Agency staff will craft an implementation plan in 2015 for rolling out the potential new offering for feds.
Members of the board that oversees the Thrift Savings Plan gave agency staff the green light on Monday to put together a plan next year for eventually allowing participants to invest some of their money in mutual funds of their choosing.
“It’s a conceptual approval,” said Kim Weaver, director of external affairs at the Federal Retirement Thrift Investment Board. “It takes significant resources to do an in-depth project plan, and we didn’t want to embark on that unless they were interested in pursuing it.”
That means the agency will do more homework on creating a mutual fund window option for TSP enrollees in addition to the plan’s current five core funds and five lifecycle offerings. Staff will craft a detailed implementation plan in 2015, including costs, risks and a timetable for potentially rolling out the new option. Even if the board ultimately decides to add mutual funds to the TSP line-up, the option likely won’t be available to participants for some time.
Weaver did not have a time frame for when the project plan would be complete.
Monday’s unanimous approval follows support from the Employee Thrift Advisory Council for moving forward on the mutual fund discussion. ETAC, which includes representatives from several federal employee advocacy groups, met with FRTIB on Nov. 12.
During that meeting, the board’s Executive Director Greg Long said the agency favors moving forward with a mutual fund window for TSP participants because there is a demand among participants for greater investment flexibility, and more options mean participants will stay enrolled in the TSP longer, instead of parking their money elsewhere.
Twenty-three percent of TSP participants who took a post-separation withdrawal in the first half of the year cited investment flexibility as the reason. TSP officials also found that 45 percent of participants who left their federal jobs in 2012 withdrew their entire account within the next year -- a total of $10 billion in 2013.

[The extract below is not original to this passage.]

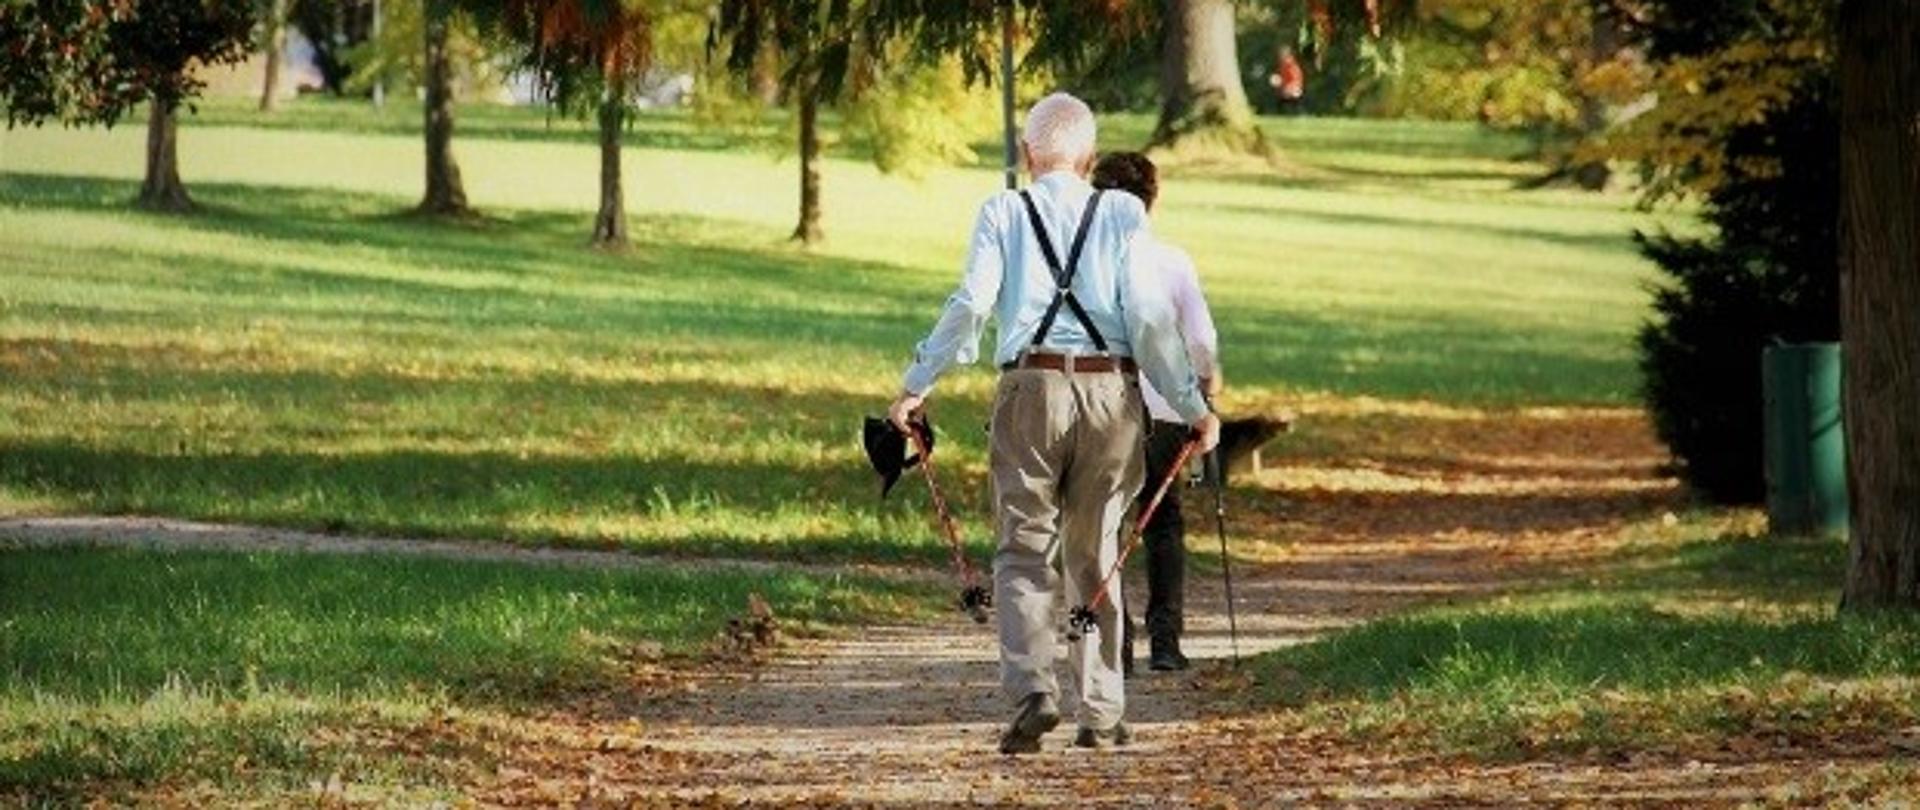 seniorzy na spacerze w parku odwróceni plecami

Congress gave the board the option in the 2009 TSP Enhancement Act of adding mutual funds; the board and federal employee advocates have been weighing the pros and cons of introducing the option to the TSP portfolio ever since. “This is a big deal, and this is a meaningful change that I know my board and me personally have wrestled with,” Long said last week.

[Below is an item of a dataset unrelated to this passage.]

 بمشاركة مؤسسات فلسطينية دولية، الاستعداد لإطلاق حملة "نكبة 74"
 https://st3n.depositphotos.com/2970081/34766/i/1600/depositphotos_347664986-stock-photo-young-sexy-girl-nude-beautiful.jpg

If the mutual fund window becomes reality, the board will thoroughly educate participants about the pros and cons of investing in such funds and the risks associated with them, Long said.
The TSP board estimated that creating the mutual fund window will cost between $6 million and $10 million, with a maintenance cost of about $1 million annually. The board would limit the amount enrollees could invest in mutual funds, likely to no more than 25 percent of their nest egg, Long said, and those who choose to invest in mutual funds would be charged a fee, probably $100 per year.